The source and amount of funds used to effect the purchase of the Issuer's
common stock described under Item 5 were personal funds of the Reporting Person
in the amount of $25,000.

ITEM 4.  PURPOSES OF THE TRANSACTIONS

The purpose of the reported, and all previous, acquisitions of the Issuer's
Common Stock, together with options to purchase same, is investment without a
view, presently or ultimately, to acquiring control of the Issuer. The Reporting
Person serves as Chairman of the Board of Directors, President and Chief
Executive Officer of the Issuer. In this capacity, the Reporting Person has
proposed, and may in the future propose, candidates for election to the Issuer's
board of directors.

There is no agreement or arrangement between the Reporting Person and the Issuer
with respect to election of candidates proposed by the Reporting Person. The
inclusion of such candidates in management's slate of directors to be submitted
for consideration by the Issuer's shareholders is entirely at the discretion of
the Issuer's board of directors.




PAGE 4

CUSIP No.  249827205                                                Schedule 13D

ITEM 5.  INTEREST IN SECURITIES OF THE ISSUER

The following table sets forth shares of the Issuer's Common Stock as to which
the Reporting Person maintains beneficial ownership. The Reporting Person
maintains both voting power and dispositive power relative to all such shares:

                        Beneficial Common Stock Ownership
                        ---------------------------------

          Owned outright                                 301,684
          Exercisable options (1)                         20,000
          Exercisable options (2)                         40,000
          Exercisable options (3)                         76,055
          Exercisable options (4)                         45,000
          Exercisable options (5)                          6,000
          Exercisable warrants (6)                         9,584
          Exercisable warrants (7)                       220,001
                                                         -------

          Total beneficially owned

          Percentage of class beneficially owned          17.42%
___________________________
(1)      Exercisable at $4.00 per share.
(2)      Exercisable at $5.63 per share.
(3)      Exercisable at $5.93 per share.
(4)      Exercisable at $0.40 per share.
(5)      Exercisable at $0.61 per share.
(6)      Exercisable at $6.75 per share.
(7)      Exercisable at $0.85 per share.

On March 29, 2002 the Reporting Person purchased from the Issuer 50,000 shares
of the Issuer's common stock, $0.01 par value, at a per share price of $0.50 for
a total investment of $25,000. Concurrently, fifteen other institutional and
individual investors purchased 1,250,000 shares of the Issuer's common stock,
upon identical terms, for a total investment of $625,000. The foregoing sales
and purchases were effected in transactions not involving a public offering. For
further information concerning these transactions, please refer to the Issuer's
Current Report on Form 8-K filed March 5, 2002.

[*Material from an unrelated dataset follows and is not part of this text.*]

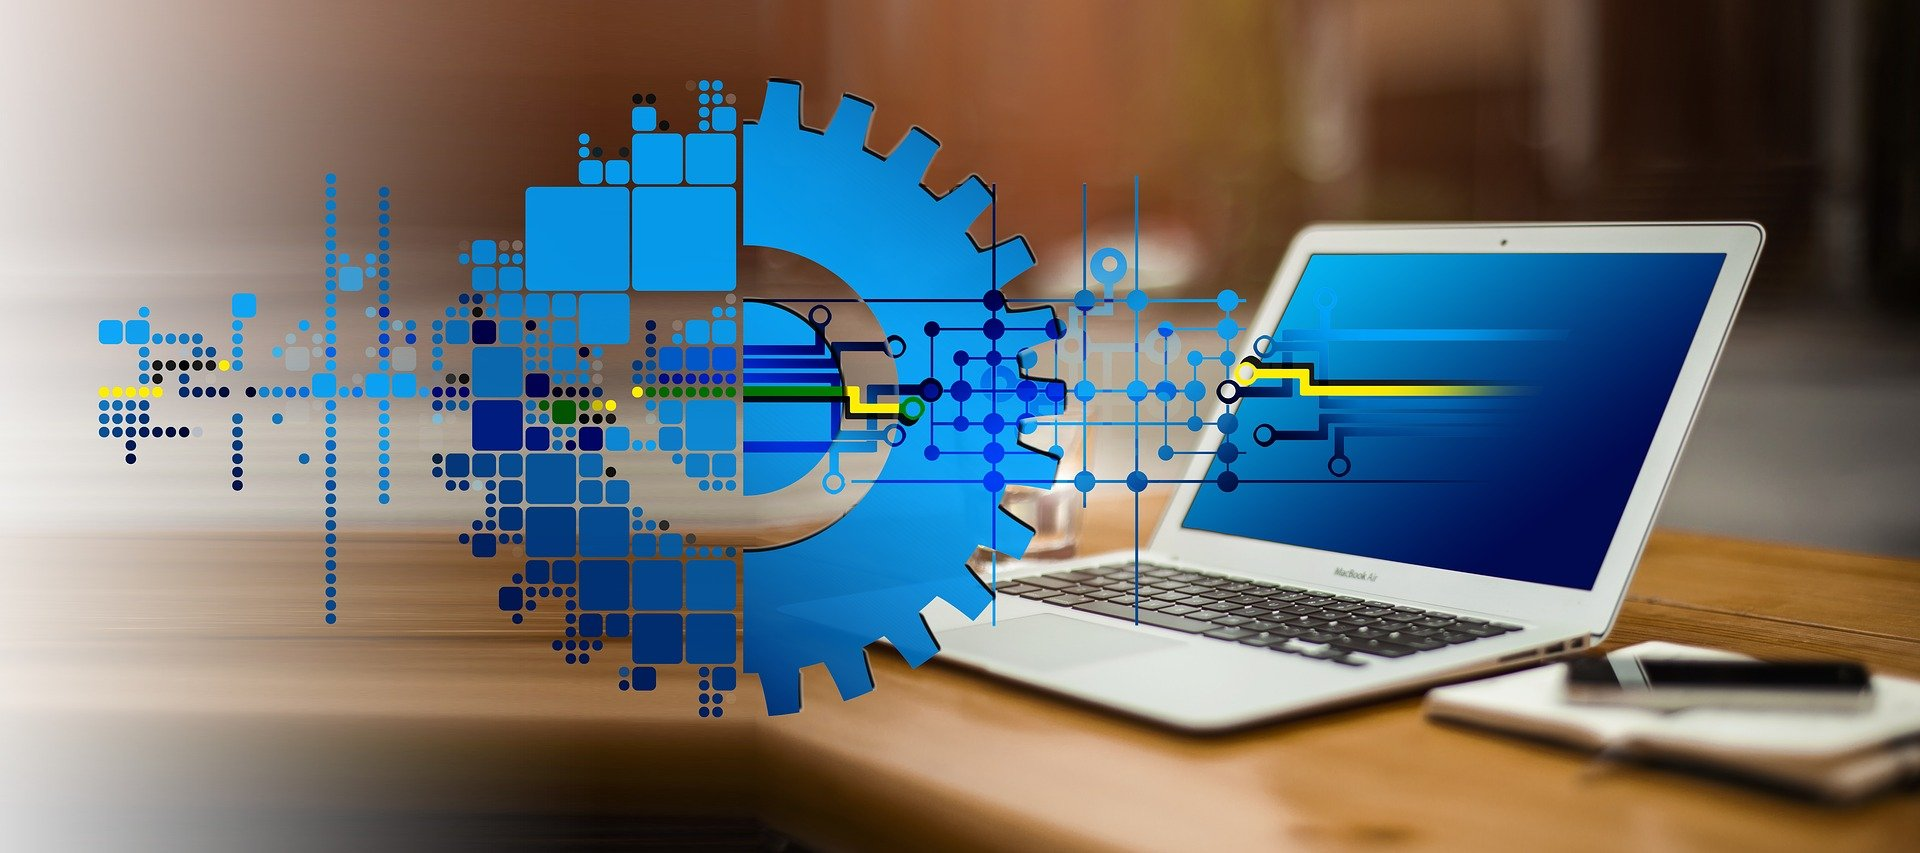 7 Ways In Which DevOps Can HelpWith Digital Transformation

ITEM 6. CONTRACTS, ARRANGEMENTS, UNDERSTANDINGS OR RELATIONSHIPS WITH RESPECT TO
SECURITIES OF THE ISSUER

None.





PAGE 5

CUSIP No.  249827205                                                Schedule 13D

ITEM 7.  MATERIAL TO BE FILED AS EXHIBITS

None.

SIGNATURES

After reasonable inquiry and to the best of my knowledge and belief, I certify
that the information set forth in this statement is true, complete and correct.

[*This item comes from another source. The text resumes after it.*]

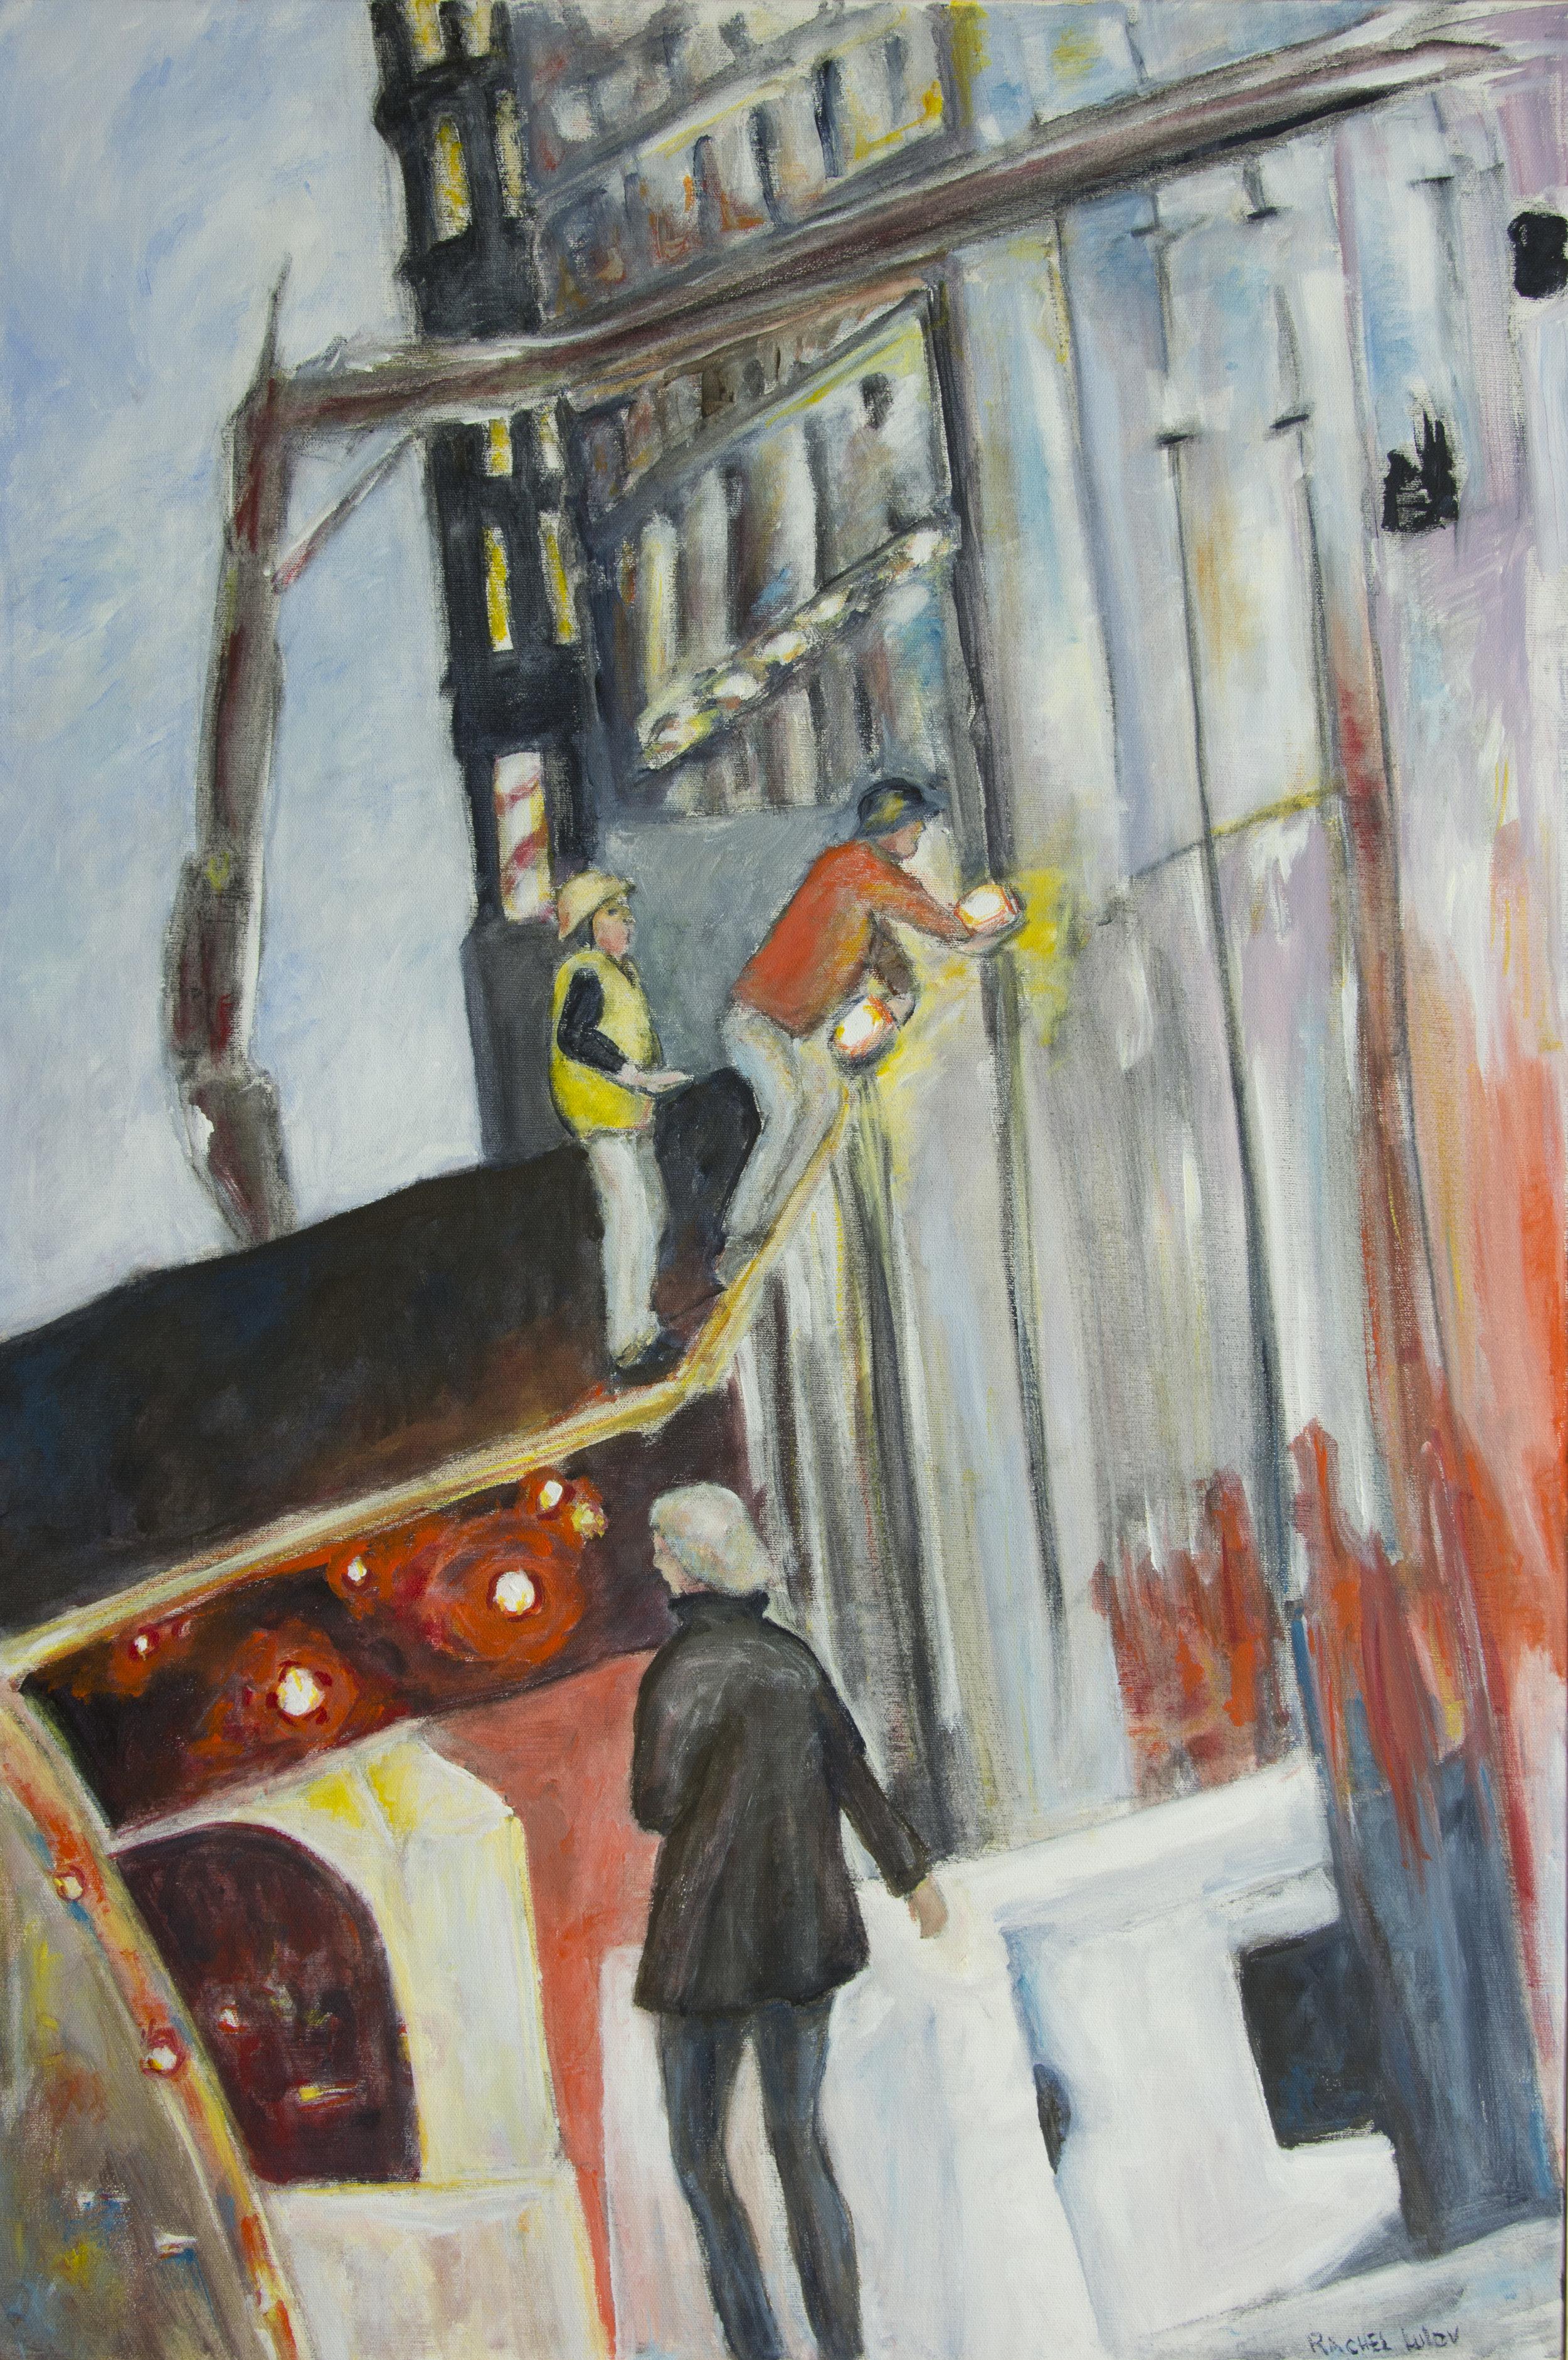 "Woman Passing Construction Site acrylic on canvas 24"" x 36"" Rachel Lulov Segall"

                                                     /s/    Edward J. Quilty
                                                     ---------------------------
                                                     By:  Raymond C. Hedger, Jr.
                                                            Attorney-in-Fact
April 8, 2002


POWER OF ATTORNEY: incorporated by reference to Edward J. Quilty's Schedule
13D/A, Amendment No. 4, filed on September 11, 2000.